Since 1948, South Africa had been governed under a system of racial segregation and discrimination known as apartheid — a word meaning ‘separateness’ — for the benefit of the white population. Throughout the 1970s, the apartheid government in South Africa carried out the mass removal of 3.5 million non-white South Africans from their homes to ten designated Bantustans, referred to by the government as ‘homelands’. Mary’s visit to South Africa took place in the midst of this period of upheaval in May and June of 1973. Her goals were to discover and learn from the ways people were trying to resist this extreme form of exclusion.
Mary’s first stop was Johannesburg, where she was hosted by Beyers and Ilse Naudé, prominent anti-apartheid activists. They arranged for her to visit Alexandra, a black township located between Johannesburg and Soweto. Black South Africans had previously lived in Alexandra as families; but under the new ‘homelands’ policy the government had demolished their homes and sent the children and grandparents away to the Bantustans. Dormitories were being constructed to house the 60,000 workers who remained. Here is Mary’s description of her visit to one of the women’s dormitories:
“It was designed to house 2,000 women, although so far only 700 have moved in. There is only one entrance, which is guarded; and electric gates are installed within the building so that any part of it can be isolated at any time. Throughout my visit, I was accompanied by a white female guard. Many of the women in the dormitory are domestic workers who used to spend nights in the homes of their white employers. But a new law forbids black people to sleep at their workplace, which is why the dormitories have been built. Women sleep four to a room. For every fourteen women, there is one toilet, one sink, and one cooking burner. No men are allowed in the building except in a single visitors’ room furnished with plastic benches and tables.”

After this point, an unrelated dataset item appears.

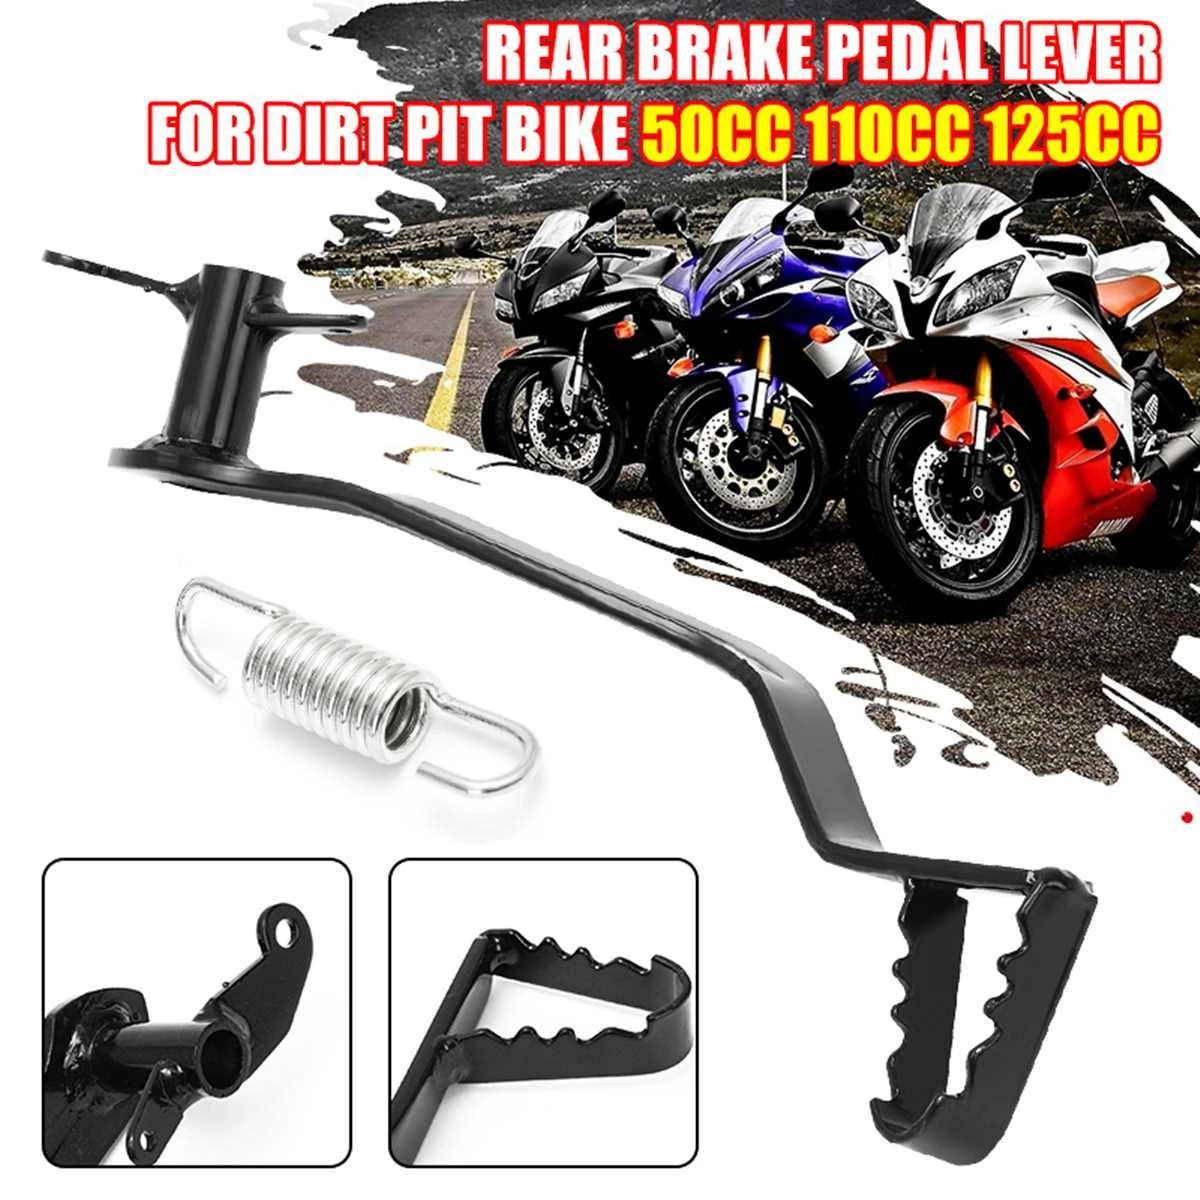 Universal Motorcycle Rear Hydraulic Brake Lever Pedal & Spring Motorbike Foot Rest for Pit Dirt Bike 50Cc 110Cc 125Cc

Mary was appalled. Following that visit, she brought up the subject with most of the black South Africans that she met. They told her that black people hate the dormitories and consider them to be a violation of family life. They also pointed out that the area surrounding these dormitories was plagued with violence, including sexual assault.

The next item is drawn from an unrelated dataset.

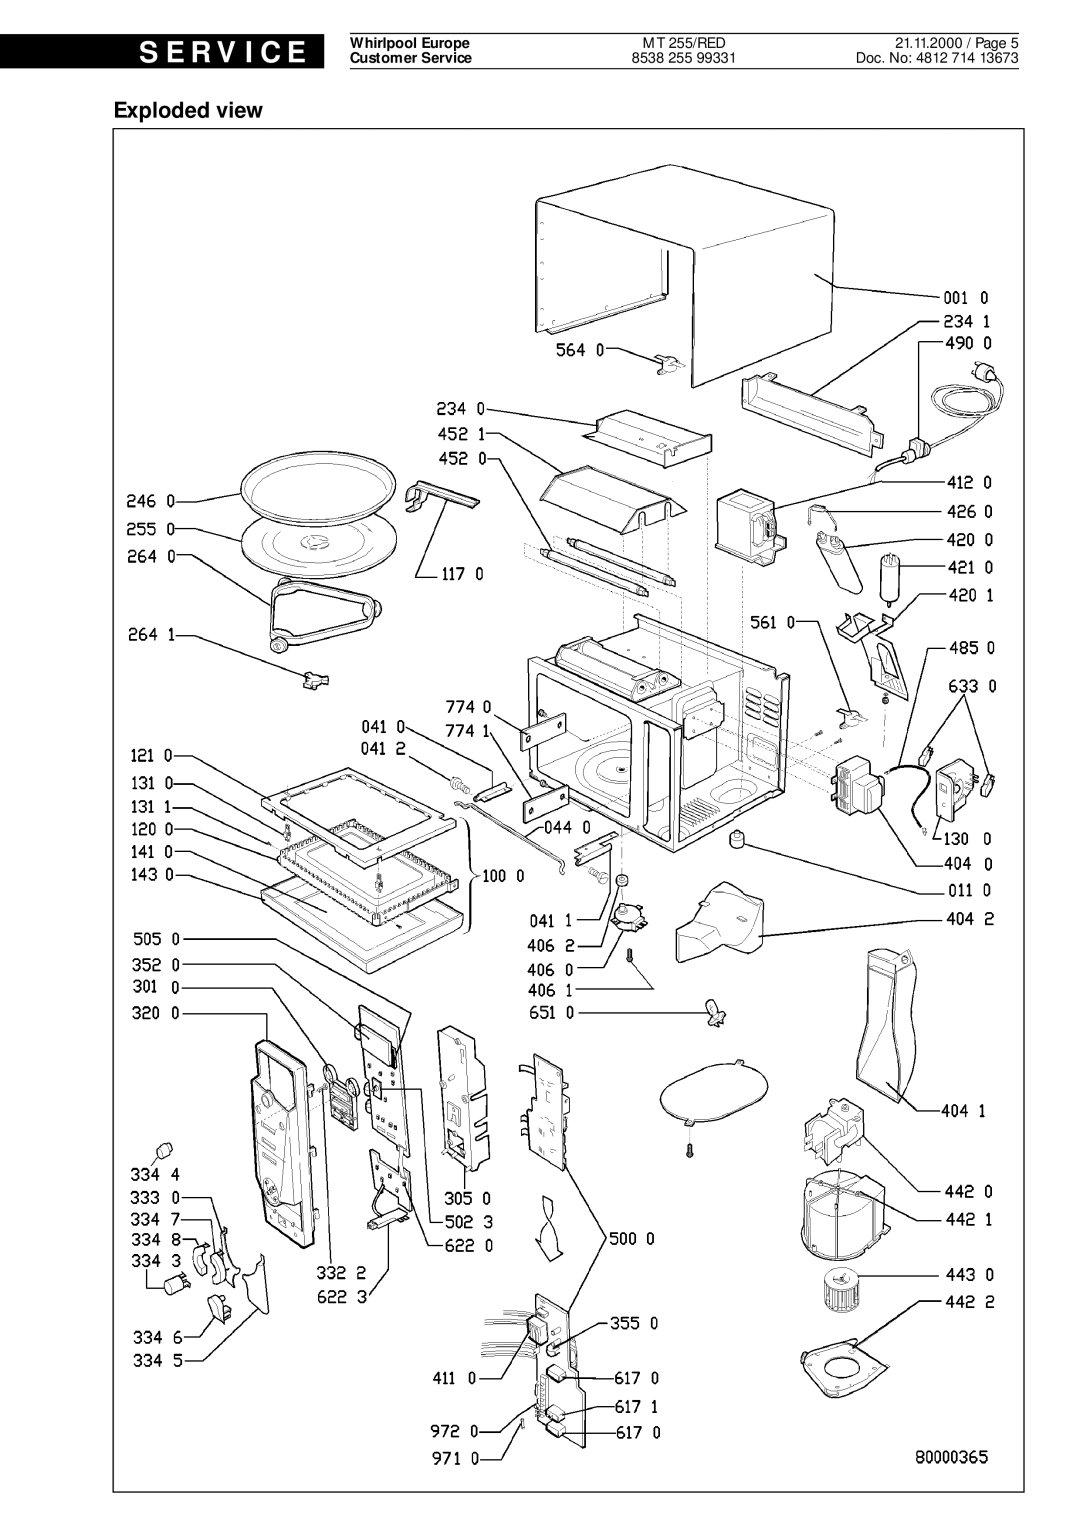 Whirlpool service manual Exploded view, S E R V I C E, MT 255/RED, 21.11.2000 / Page, 8538, Doc. No

Unlike the United States where people openly protested against injustice and racism, Mary discovered that in South Africa there was no freedom of speech whatsoever. Those who tried to resist were often imprisoned without explanation. The press was tightly controlled, and there was a strong atmosphere of suspicion everywhere. Mary wrote:
“No one here trusts anyone, because anyone could be an informant ready to denounce you to the government. So you always have to be very careful indeed of what you say. This creates the most oppressive sense of isolation that I have ever felt anywhere. Usually, I’m completely frank; but during my time in this country I have to be very careful because anything I say could be used against others after I leave.”
Looking back on her visit, Mary observed that “black South Africans clearly have an immense potential; but this potential is mostly hidden because the adults must work such long hours that they have very little energy left for anything else.” Determined to gain a wider perspective, she decided to visit some of the newly independent nations of Africa to learn how people in those countries were struggling against poverty and exclusion.
This and the content of other videos in the series will be published in Joyous Revolution: The Girl from Guildford and People the World Forgot. [Publication pending]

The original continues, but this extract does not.